PROVIDED DATA =
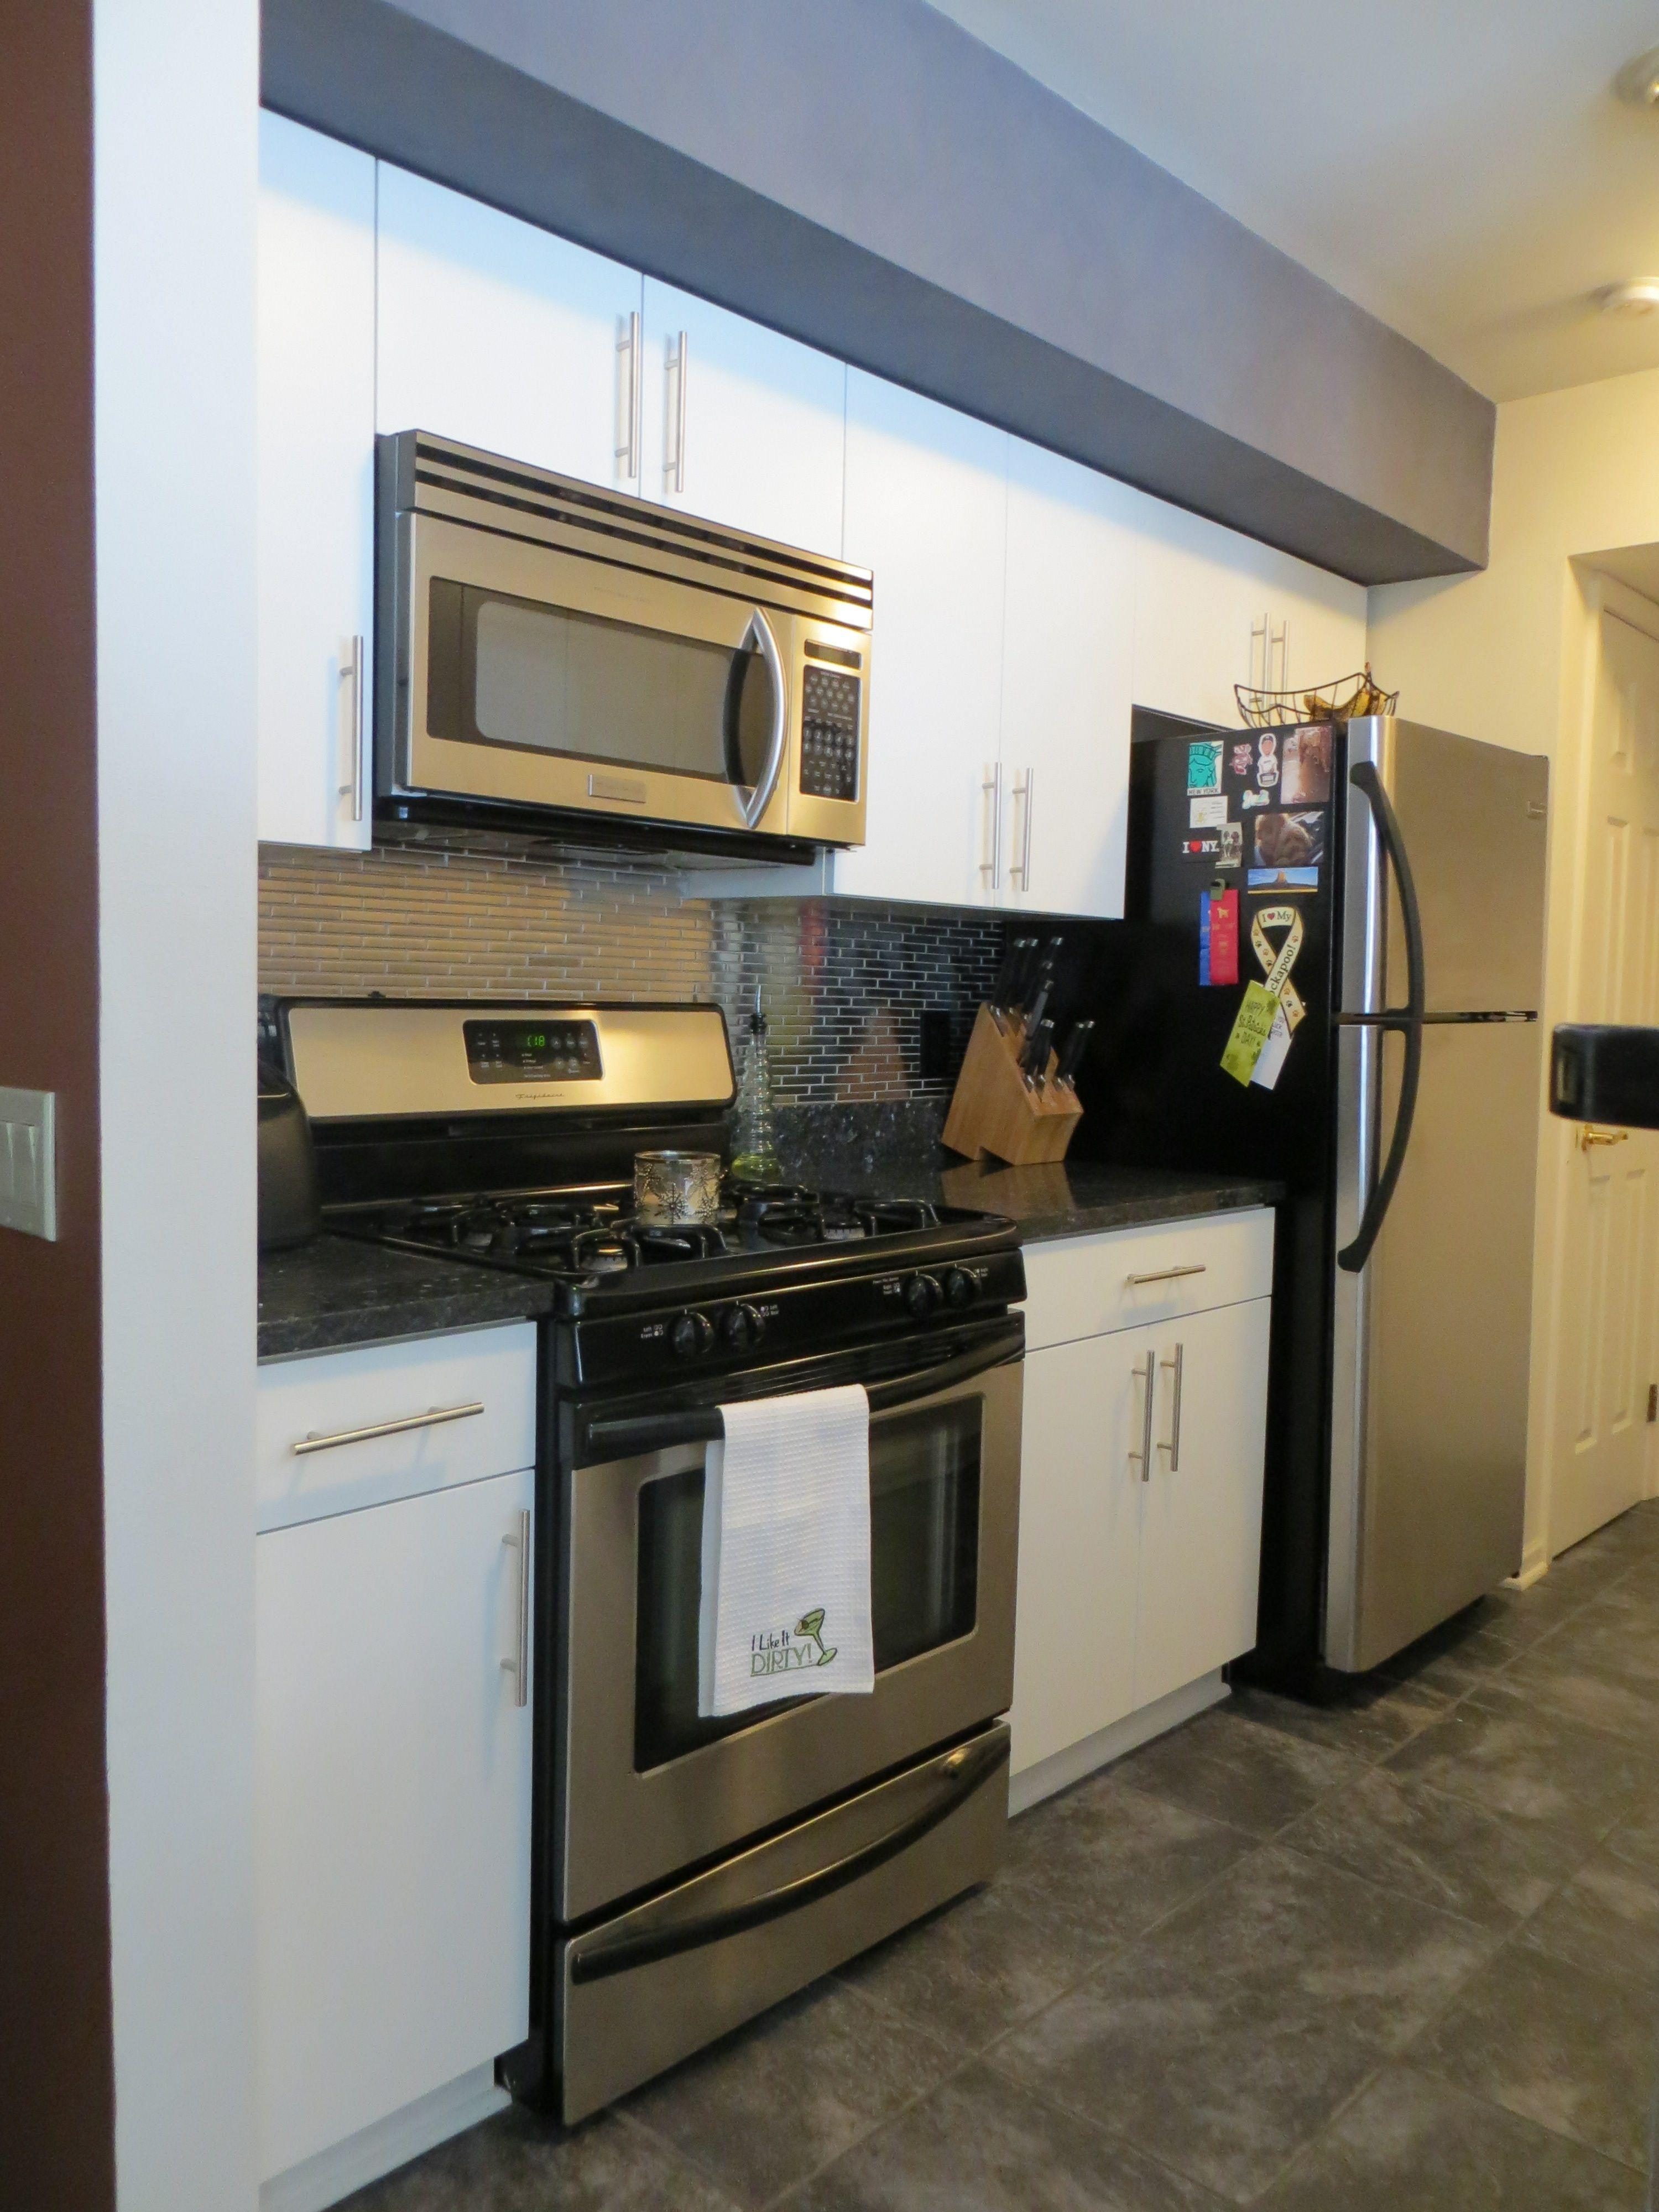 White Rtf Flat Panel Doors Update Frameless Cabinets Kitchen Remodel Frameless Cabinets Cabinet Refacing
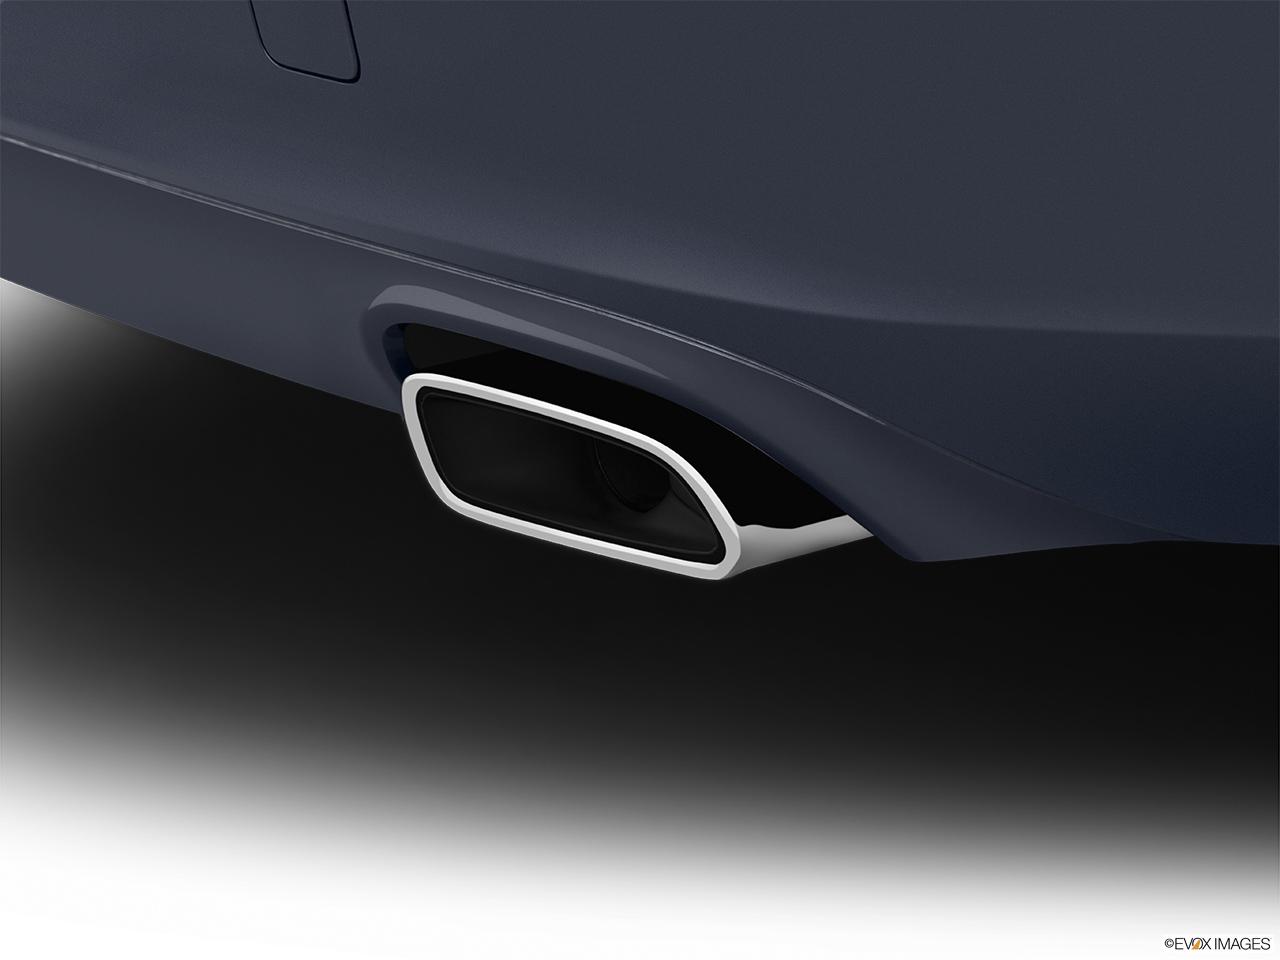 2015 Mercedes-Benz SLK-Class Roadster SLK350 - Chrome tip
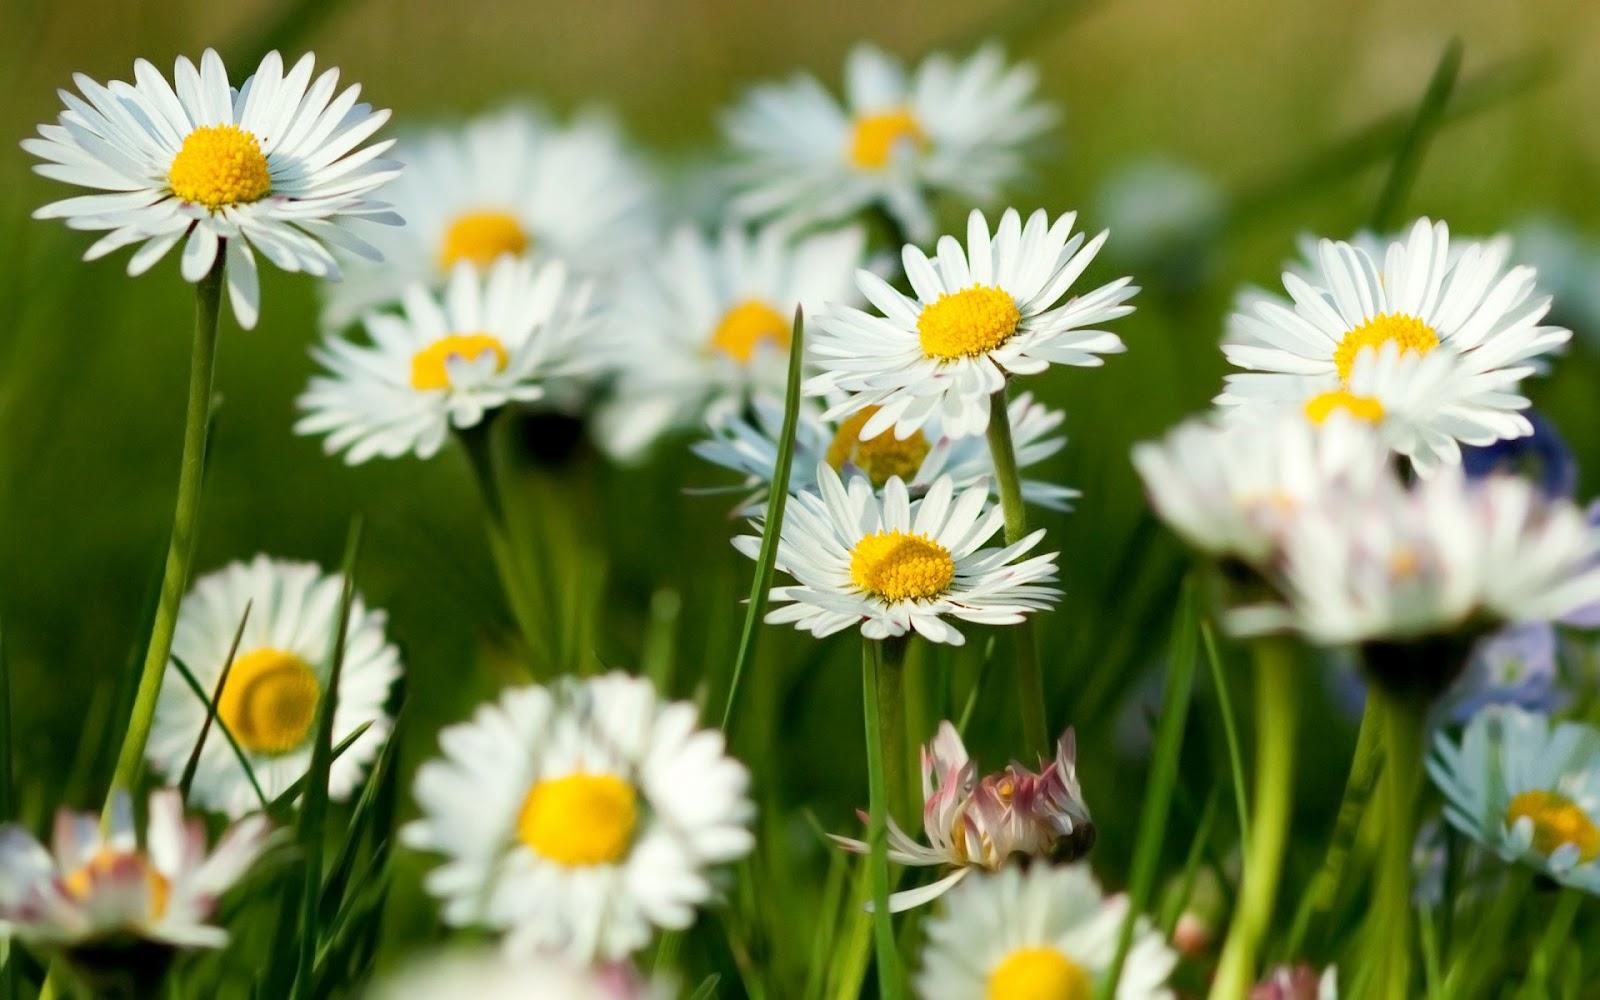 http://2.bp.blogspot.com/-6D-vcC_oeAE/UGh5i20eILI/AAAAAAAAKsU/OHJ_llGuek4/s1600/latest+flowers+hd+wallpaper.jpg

TASK ITEM = Pictures are to be omitted from the copy, and only the lines from the one containing "2015 Mercedes-Benz SLK-Class" through the final line of the listing above are to be written out exactly.

ANSWER TO THIS EXERCISE =
 2015 Mercedes-Benz SLK-Class Roadster SLK350 - Chrome tip
 http://2.bp.blogspot.com/-6D-vcC_oeAE/UGh5i20eILI/AAAAAAAAKsU/OHJ_llGuek4/s1600/latest+flowers+hd+wallpaper.jpg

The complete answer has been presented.